Sur les méthodes du gouvernement
IRIS se félicite que la CSSPPT exprime sans détours des préoccupations rappelées à plusieurs reprises par l'association dans ses publications, et signifiées encore récemment aux services du Premier ministre lors d'une entrevue de représentants d'IRIS avec des responsables de la DDM, le 27 novembre 2002.
Tout d'abord, notons que la CSSPPT, qui a été consultée en urgence par le gouvernement sans vraiment disposer de temps pour travailler correctement, émet un avis de protestation à cet égard, soulignant également que la Commission « est saisie sur un ensemble de dispositions floues, disparates, sans liens évidents entres elles et sans que le gouvernement lui ait présenté la stratégie globale dans laquelle elles s'insèrent ». Plus qu'une simple incorrection, ces méthodes gouvernementales montrent un mépris de la démocratie, d'autant que la CSSPPT n'est pas la seule Commission consultative à protester ainsi.
Par ailleurs, la CSSPPT rappelle que l'avant-projet de LEN reprend en majeure partie les dispositions du défunt projet de loi sur la société de l'information (LSI), pour noter son « impression de ne pas avoir été bien entendue jusqu'à présent » sur ces dispositions. Là encore, la CSSPPT rejoint le constat d'IRIS.
De plus, sachant que la LEN fait partie d'un ensemble de textes que le gouvernement se propose de faire adopter, la CSSPPT « conteste la méthode utilisée. Une telle présentation de trois lois espacées dans le temps ne permet pas d'avoir une vue globale de l'ensemble des règles du jeu et n'apporte pas la garantie qu'une question, absente du premier texte, sera bien abordée dans les suivants. Par exemple, la CSSPPT est conduite à s'interroger sur le traitement de la question récurrente et difficile de la conservation des données. Est-elle finalement renvoyée à l'une des deux autres lois ou à un simple décret ? ». Sur ce point particulier, la CSSPPT fait ainsi écho à l'analyse d'IRIS au sujet de l'inintelligibilité de la législation actuelle et de l'absence de débat démocratique.
Malgré ce dernier reproche, la CSSPPT demande l'introduction dans le projet de LEN de la modification de l'article L. 1511-6 du code général des collectivités territoriales. Il s'agit de permettre aux collectivités locales d'agir elles-mêmes en tant qu'opérateurs de télécommunications. Bien qu'IRIS soutienne cette modification, argumentée notamment dans son rapport intitulé « Service public d'accès et Protection des données personnelles - Deux conditions pour un Internet démocratique », il ne semble pas pertinent d'ajouter encore à la confusion en introduisant une telle disposition dans la LEN, alors qu'elle aurait plutôt sa place dans le futur texte de transposition du « paquet télécom » européen.

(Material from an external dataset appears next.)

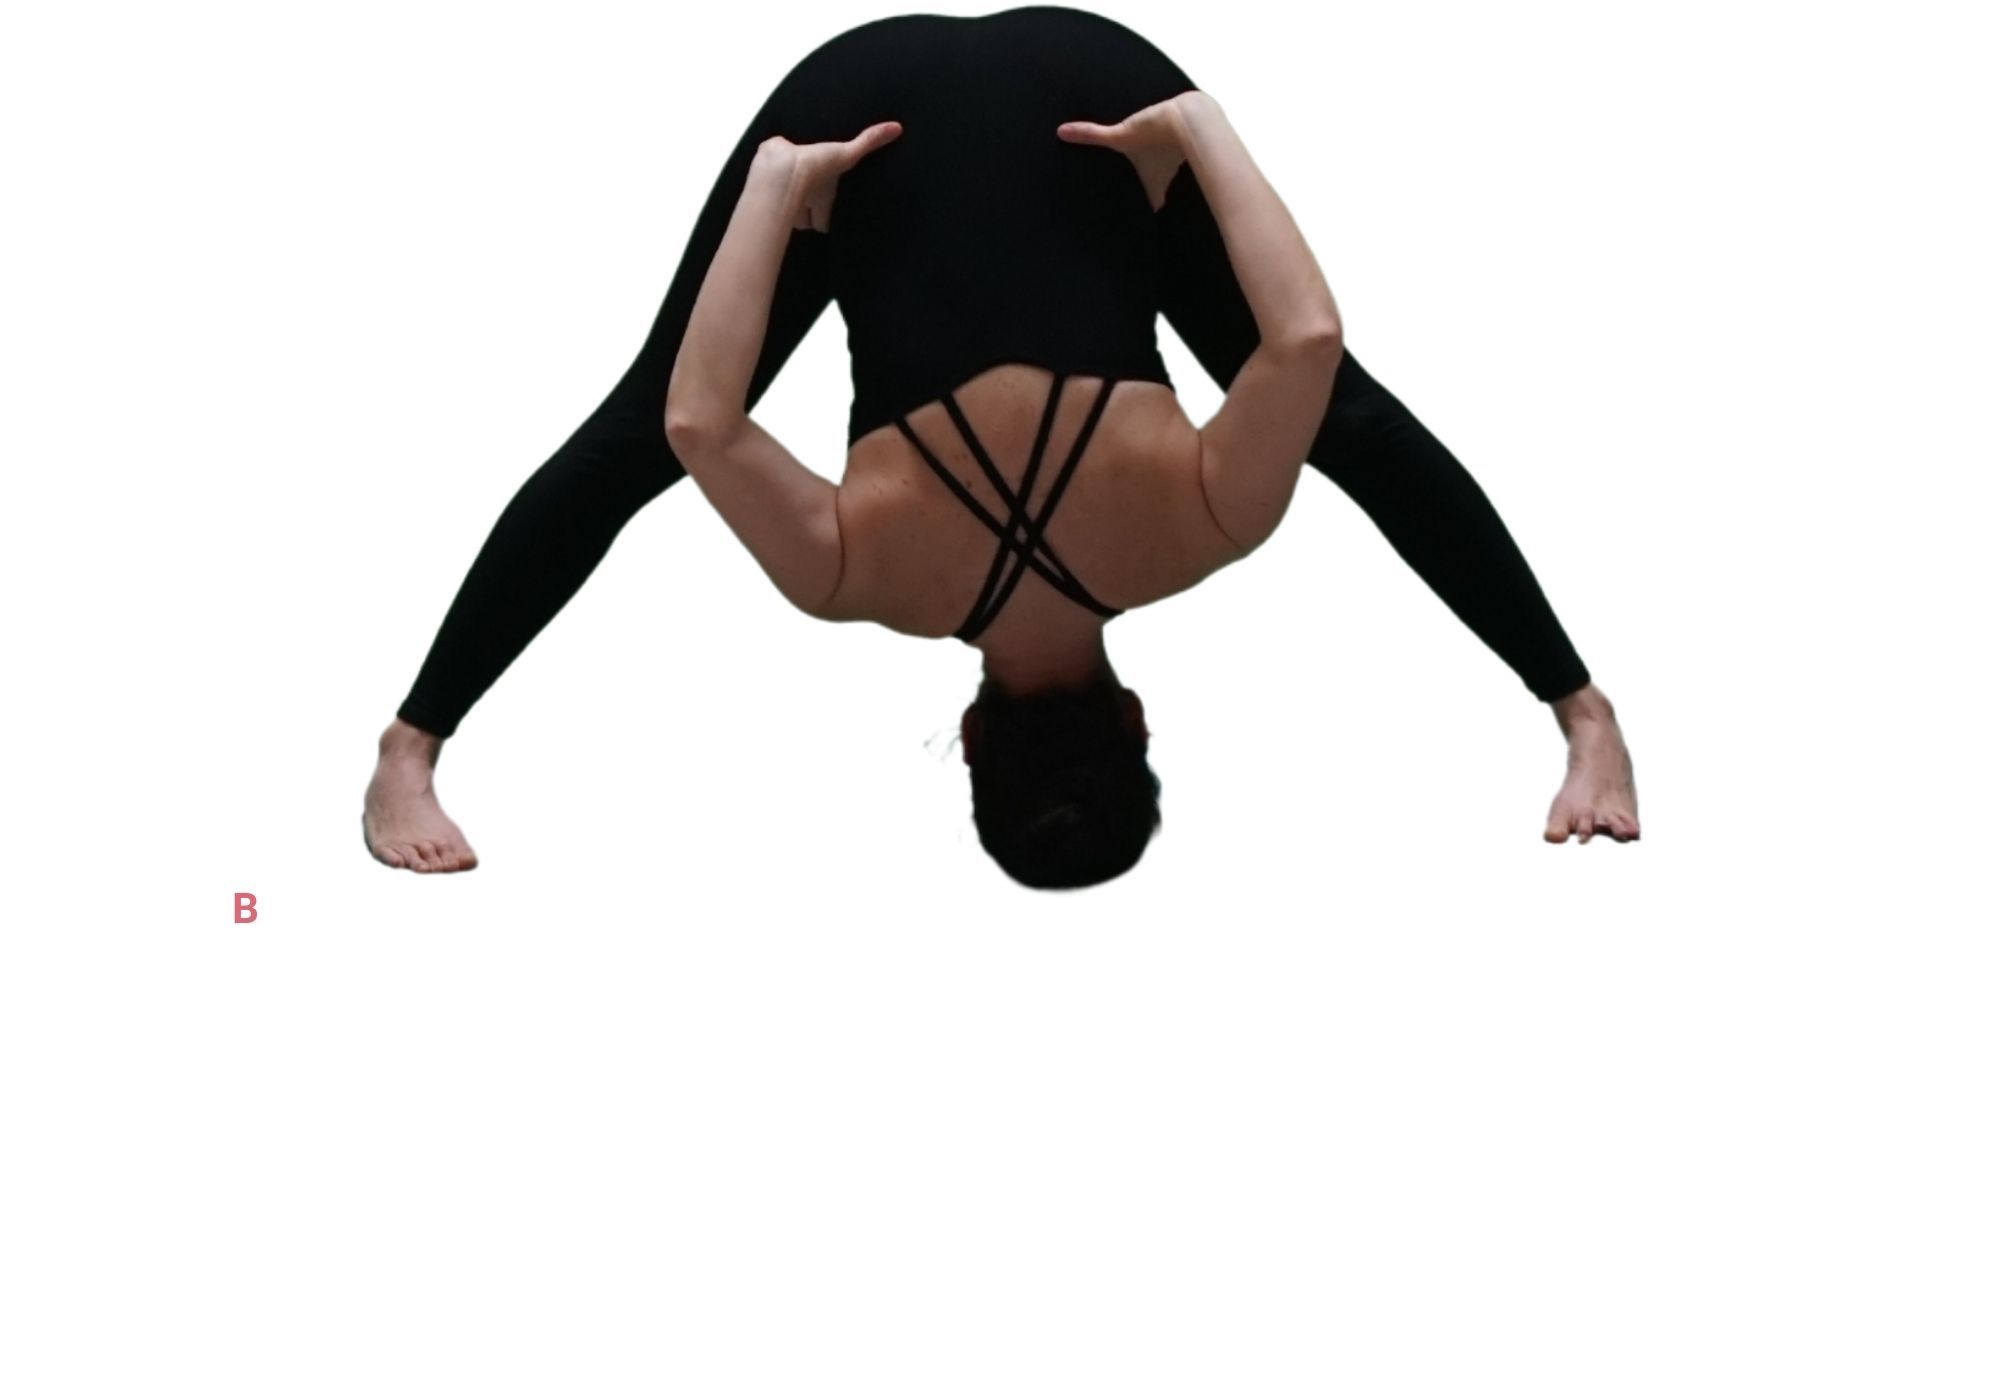 Posture de yoga : prasarita padottanasana - flexion avant debout pieds écartés B
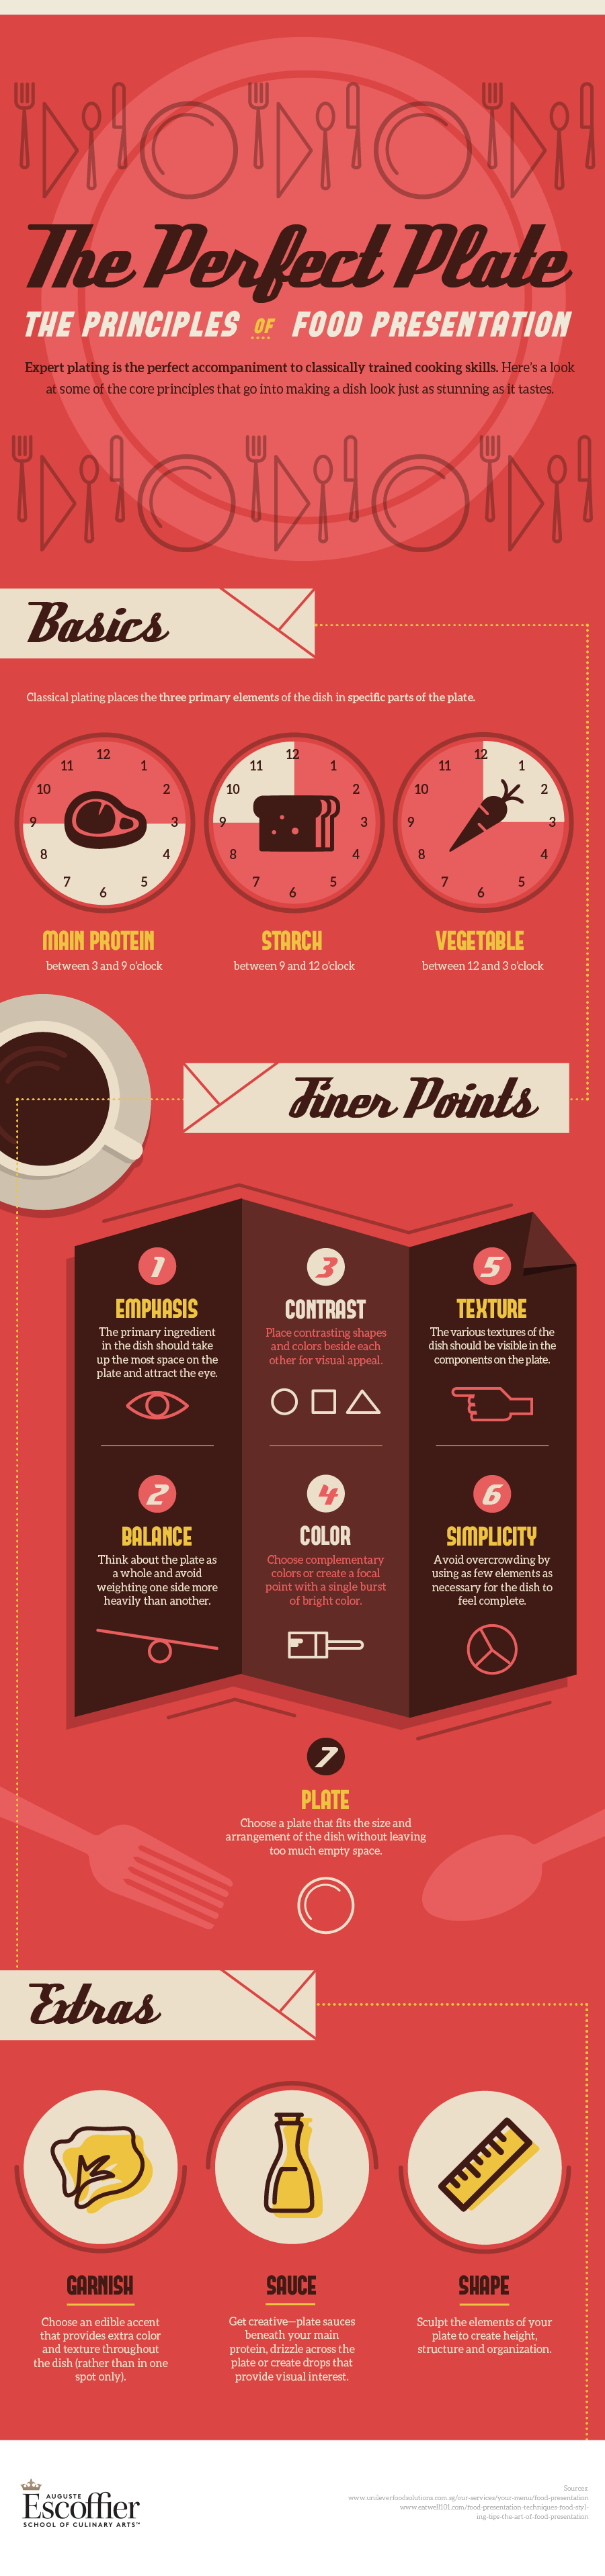 Perfect Plate Principles Food Presentation infographic

IRIS se félicite des décisions prises à cet égard le 13 décembre par le gouvernement lors du dernier CIADT, qui exaucent d'ailleurs les voeux de la CSSPTT d'annonce rapide des nouvelles compétences des collectivités territoriales à cette occasion. Le dossier de presse ne précise pas toutefois dans quel projet de loi ces nouvelles dispositions seront incluses. On ne sait pas plus quelles précautions seront prises en matière de contrôle démocratique des investissements publics consentis par les collectivités territoriales.